Islamist Syrian rebels reportedly seize Scud missiles

Deputy PM says Israel is tracking developments but sees no immediate danger, adds that ‘when we identified a threat, we took action along the border and elsewhere’

File: A screen capture from a video purporting to show the Syrian Army firing a Scud missile (image capture: YouTube)
File: A screen capture from a video purporting to show the Syrian Army firing a Scud missile (image capture: YouTube)

Syrian rebels affiliated with al-Qaeda recently captured a Syrian military depot containing Scud missiles, according to reports in Arab media outlets. The reports differ on whether the site, located in the east of the country, also contained chemical warheads.

Lebanese news website Ya Libnan reported Friday that fighters from the Islamist rebel group Jabhat al-Nusra captured the long-range missiles in a military complex in Deir al-Zour.

“What you see here are Syrian long-range missiles that were manufactured in Iraq and brought to Syria. Happily, they are now in our hands,” the rebels said in a video posted on YouTube.

Deputy Prime Minister Moshe Ya’alon said in an interview with Army Radio Sunday that he was familiar with the reports and that Israel is closely tracking developments in Syria, but sees no immediate danger from that front.

“When we identified a threat, we took action along the border and elsewhere,” said Ya’alon, in possible reference to a reported Israeli airstrike on a convoy carrying advanced weapons from Syria to Hezbollah in January.

Israel has yet to officially confirm it carried out the attack, which Syria claimed targettd a chemical weapons research facility.

Scud missiles, originally developed by the USSR, are ground-to-ground missiles with a potential range of hundreds of miles, which are capable of carrying conventional or nonconventional warheads. The transfer of such weapons from the Syrian government to rebel hands, as a result of the Syrian civil war, is a scenario with great potential threat to Israel. In December, US and NATO officials confirmed rebel reports that Syrian forces had fired Scud missiles at rebel areas in the north. That was the last confirmed use of such weapons.

The US State Department in December called Jabhat al-Nusra, literally the assistance front, “an alias for AQI” — al-Qaeda in Iraq — and added it to the US list of foreign terror organizations, freezing all of its assets and rendering it a crime to provide the organization with any and all aid.

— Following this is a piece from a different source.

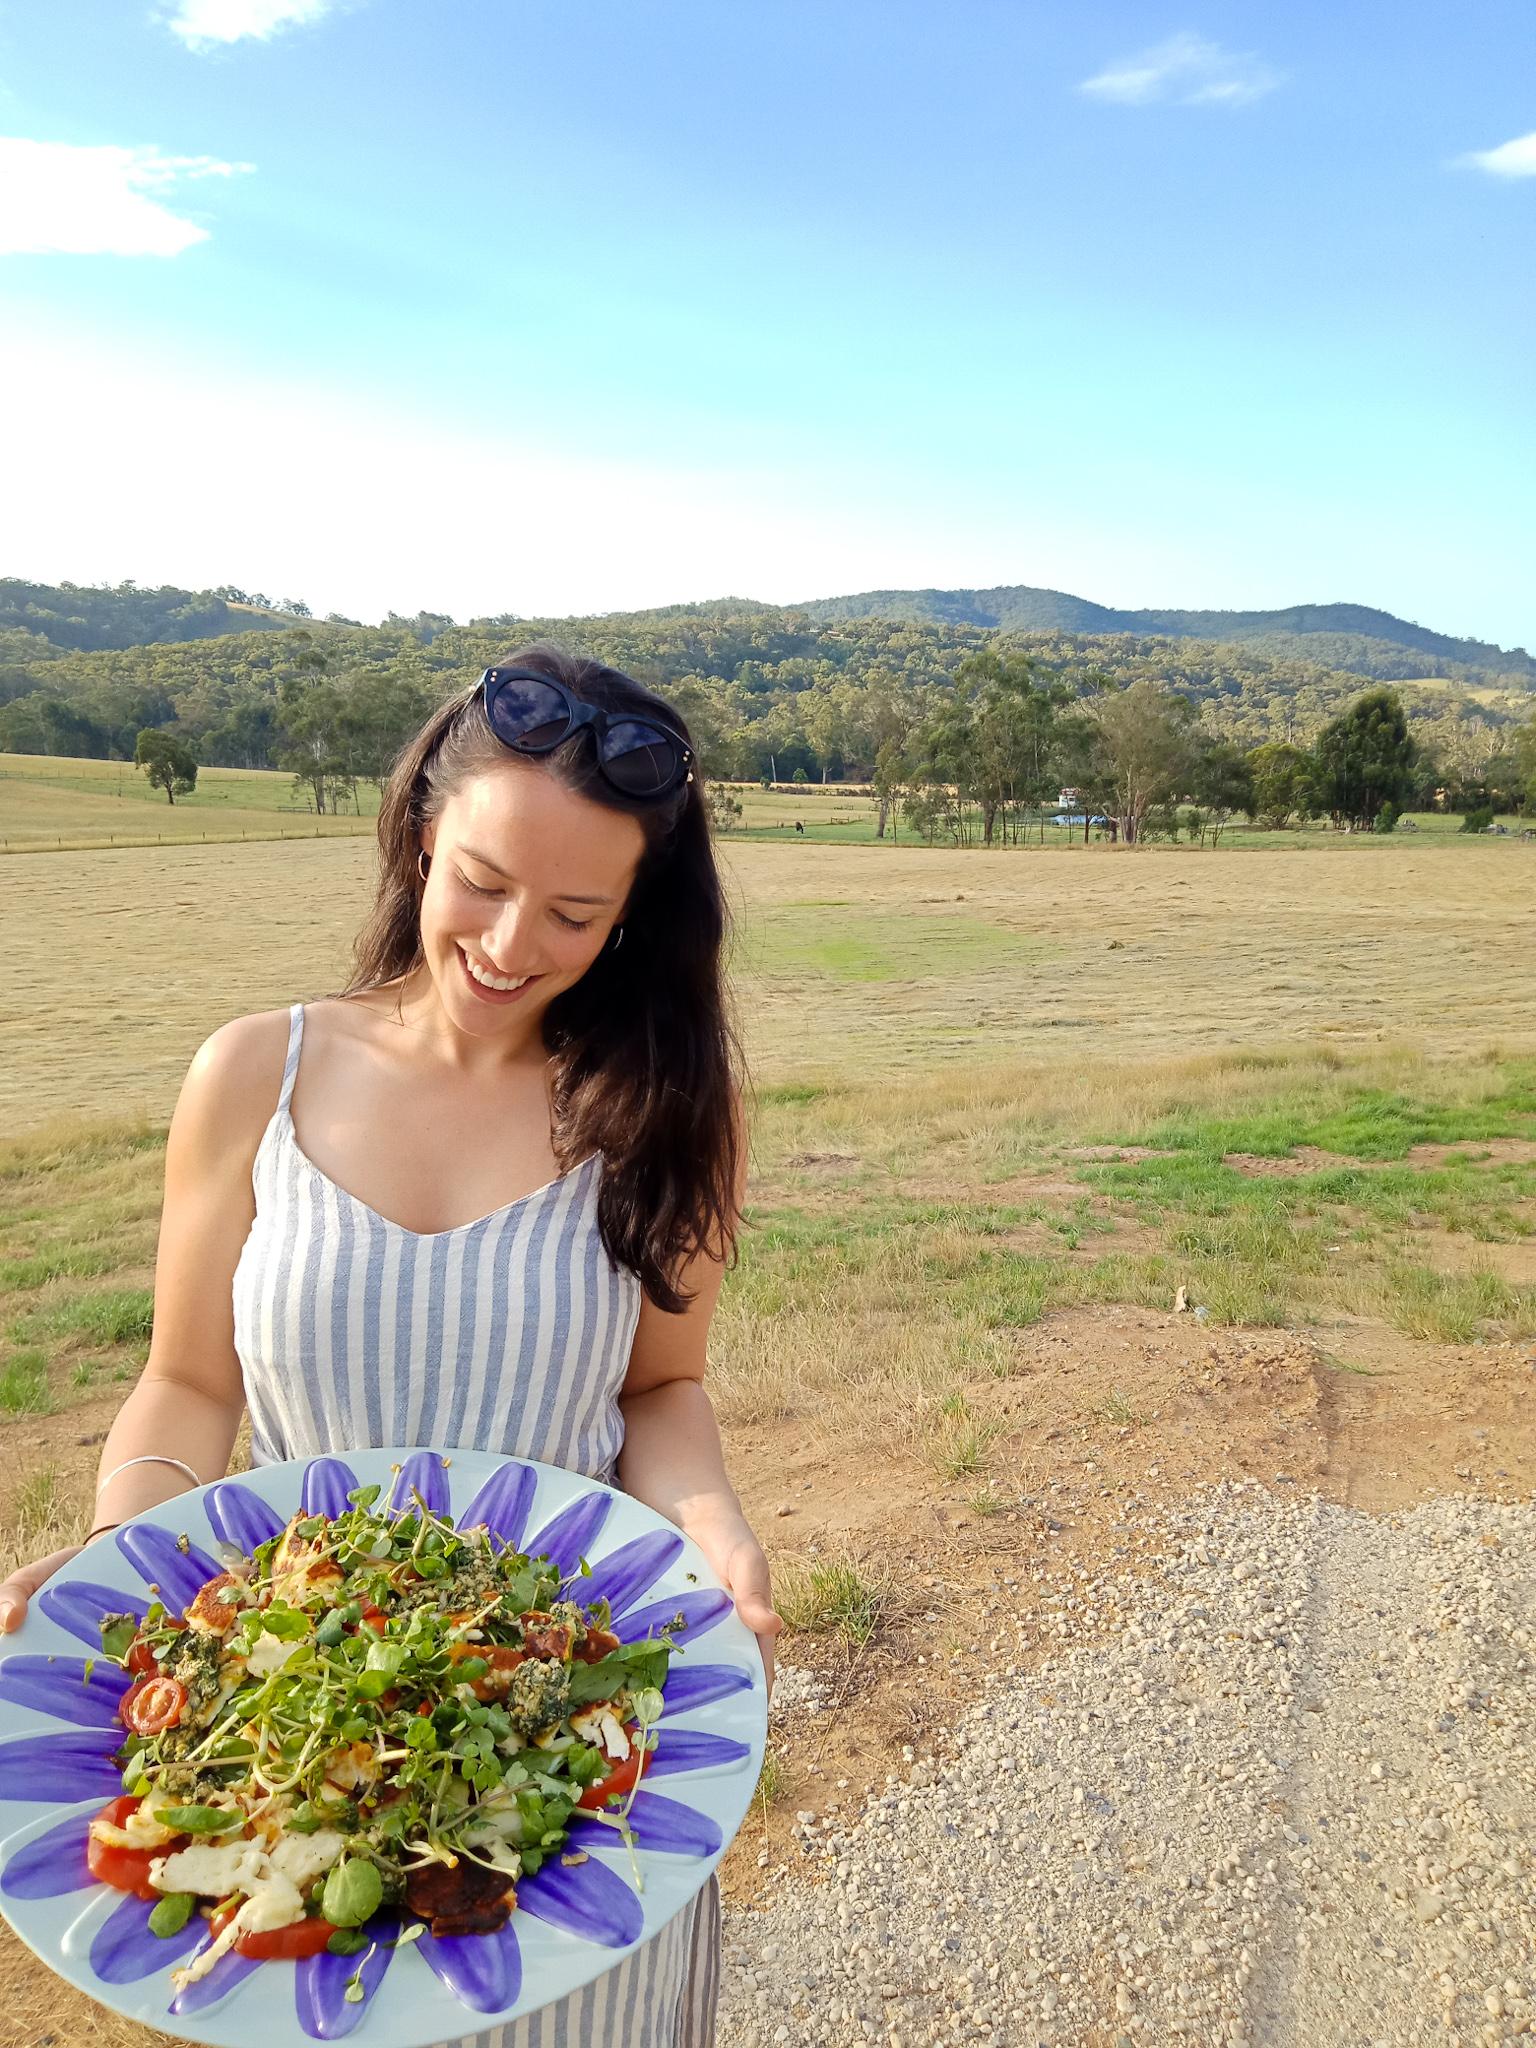 halloumi salad yarra valley melbourne

According to State Department spokesperson Victoria Nuland, the organization, representing 9 percent of the rebel forces in Syria, has carried out 600 strikes since November 2011, including “over 40” suicide bombings and a string of successful guerrilla assaults.

Last week, rebels claimed they had taken control of a nuclear facility in the Deir al-Zour area that was bombed by Israel in 2007.

Syrian President Bashar Assad vowed Sunday to hit back at Israel for its attack on Syrian soil, though he said it might not be an overt counterattack.

“We retaliated in our own way, and only the Israelis know what we mean. Retaliation does not mean missile for missile or bullet for bullet. Our own way does not have to be announced,” he said in an interview with The Sunday Times.

On Saturday, three Syrian mortars landed near Moshav Ramat Magshimim in the southern Golan Heights, causing no injuries or damage.

The incident was the deepest and southernmost penetration of Syrian fire into Israeli territory in years. IDF officials believed it to be a case of errant fire, according to a military spokesman who commented on condition of anonymity.

Israel promptly filed a complaint with the UN observer force stationed on the Israeli-Syrian border.

The UN estimates that nearly 70,000 people have died in the 23-month-long Syrian civil war.